If the filing person has previously filed a statement on Schedule 
13G to report the acquisition which is the subject of this Schedule 
13D, and is filing this schedule because of Rule 13d-1(b)(3) or (4), 
check the following box [  ].



4.	SOURCE OF FUNDS

None	(Carolina Medical, Inc. exchanged 200,000 shares of its common 
stock for 300,000 shares of the common stock and 2,217 shares 
of the Class A (nonvoting) Preferred Stock of Advanced Medical 
Products, Inc. owned by Nishimoto Sangyo Company, Ltd.)

7.	NUMBER OF SHARES BENEFICIALLY OWNED BY EACH
REPORTING PERSON WITH:

SOLE VOTING POWER

3,300,000 Common Stock

9.	SOLE DISPOSITIVE POWER

3,300,000 Common Stock
2,217 Class A Preferred Stock

11.	AGGREGATE AMOUNT BENEFICIALLY OWNED BY EACH
REPORTING PERSON

3,300,000

13.	PERCENT OF CLASS REPRESENTED BY AMOUNT IN ROW (11)

55.3%

Item 1.  	Security and Issuer.

This Schedule 13D is filed on behalf of Carolina Medical, Inc. (the 
Reporting Entity), relative to the $ .01 par value common stock and the Class 
A (nonvoting) Preferred Stock issued by Advanced Medical Products, Inc. (AMP). 
The principal executive offices of AMP are located at 6 Woodcross Drive, 
Columbia, South Carolina 29212.

Item 3.	Source and Amount of Funds or Other Consideration.

The Reporting Company acquired 300,000 shares of common stock and 2,217 
shares of Class A (nonvoting) Preferred Stock of AMP (the Shares) on May 15, 
1998, as a result of a share exchange with Nishimoto Sangyo Company, Ltd. 
(Nishimoto) in which Nishimoto acquired 200,000 shares of the common stock of 
the Reporting Company (the Exchange).


Item 4.	Purpose of the Transaction.

The Exchange was effected in order to eliminate ownership of the 
Class A Preferred Stock by a third party and to facilitate AMPs ability 
to raise capital.  The Reporting Entity intends to review continuously 
its investment in AMP and, on the basis of such review and such market 
and other factors as it may deem relevant, may sell the Shares or acquire 
additional shares of AMPs common stock.

The Reporting Entity is a party to a pending Share Exchange 
Agreement with Biosensor Corporation (Biosensor) after which the 
Reporting Entity will be a wholly owned subsidiary of Biosensor.  There 
is a proposal which is not yet binding in which a newly formed wholly 
owned subsidiary of Biosensor would be merged through a reverse 
triangular merger into AMP.   AMP would survive the merger as a wholly 
owned subsidiary of Biosensor and the Reporting Entitys ownership in AMP 
would be eliminated.

Item 5.	Interest in Securities of the Issuer.

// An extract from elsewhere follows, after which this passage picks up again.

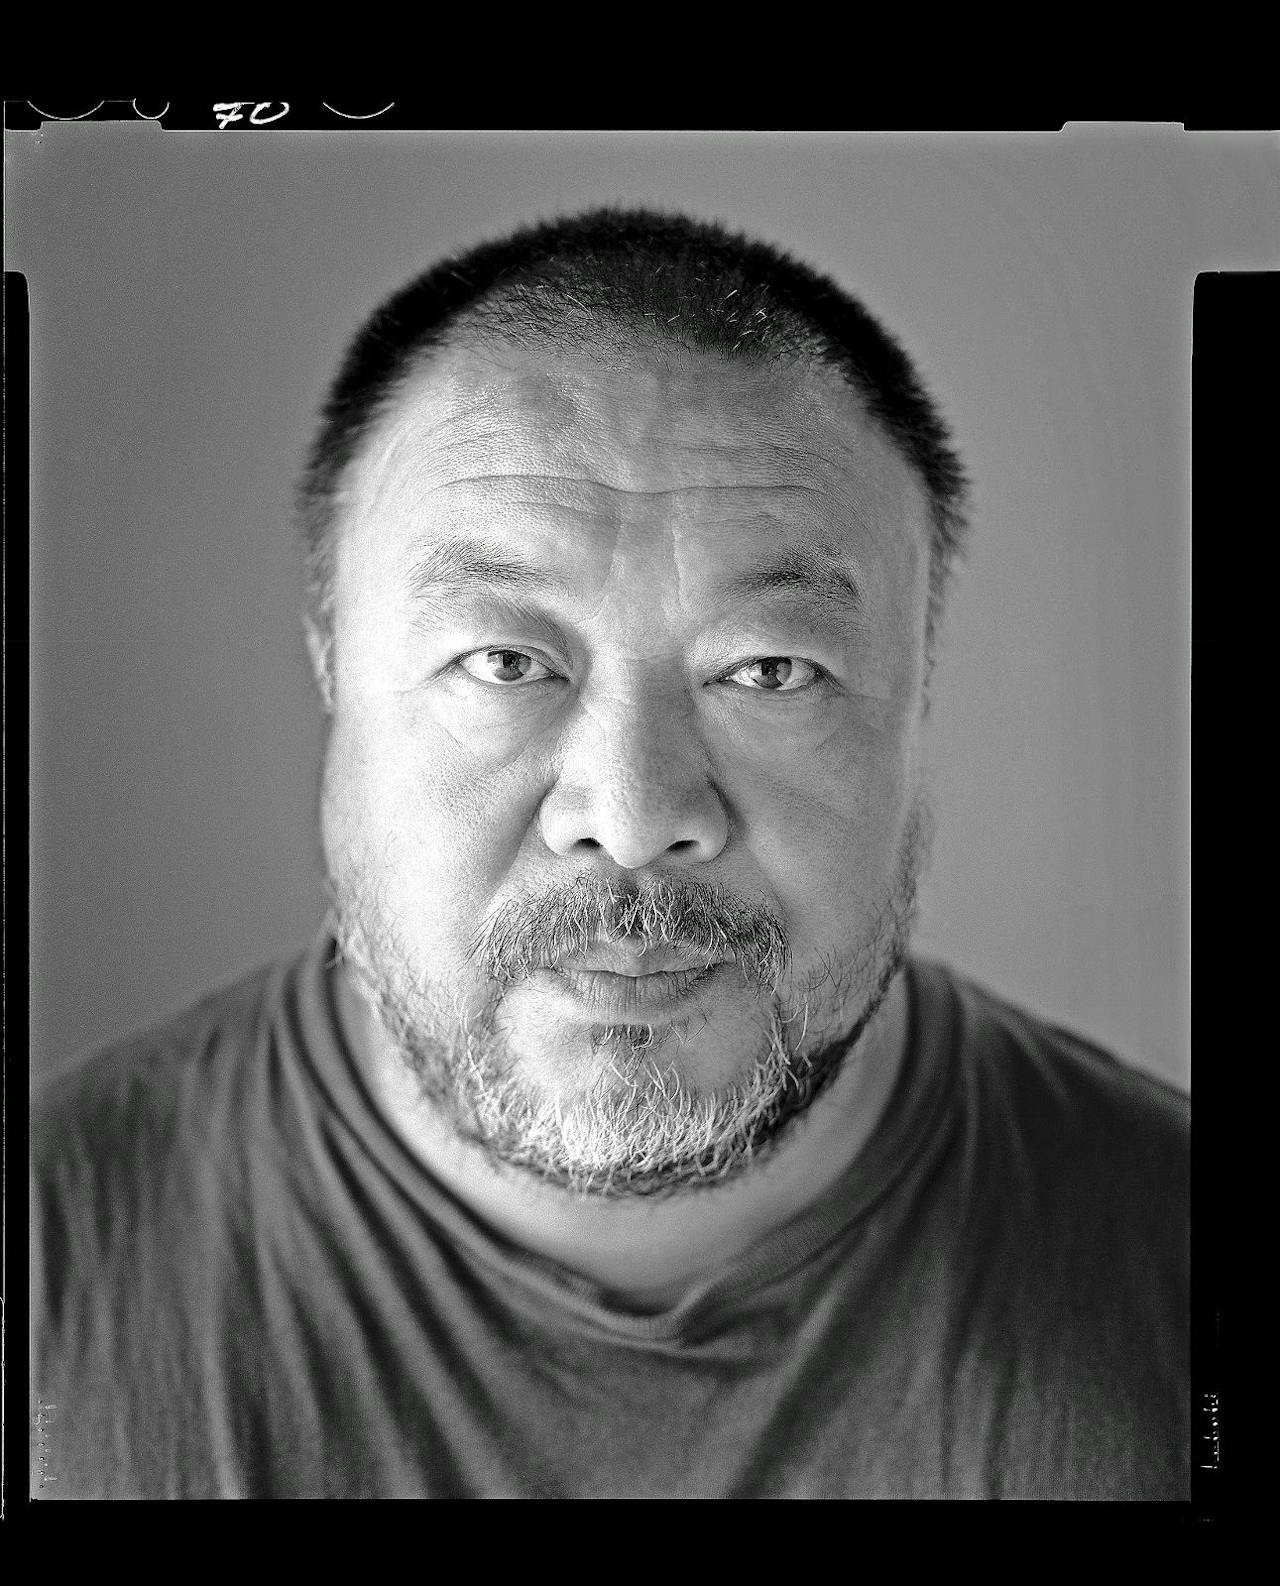 Tijdschrift Art  Review plaatst  Ai Weiwei in de lijst van invloedrijke kunstpersoonlijk-heden dit jaar op de vijftiende plek.

(a)	As of June 12, 1998, the Reporting Entity beneficially owned 
3,300,000 shares (or approximately 55.3% of the outstanding 
shares) of AMP common stock and 2,217 shares (or 
approximately 93% of the outstanding shares) of AMP Class A 
Preferred Stock.

(b)	The Reporting Entity will have sole power to vote and to 
dispose of the 3,300,000 common shares and sole power to 
dispose of the 2,217 Class A Preferred shares.

(c)	As of June 12, 1998, and within the last 60 days, to the best 
knowledge and belief of the undersigned, other than as 
described herein, no transactions involving AMP equity 
securities had been engaged in by the Reporting Entity.

(d)	No other person is known to have the right to receive or the 
power to direct the receipt of dividends from, or the 
proceeds from the sale of the Shares.

After reasonable inquiry and to the best knowledge and belief of 
the undersigned, it is hereby certified that the information set forth 
in this statement is true, complete and correct.


Dated:	June  12, 1998			CAROLINA MEDICAL, INC.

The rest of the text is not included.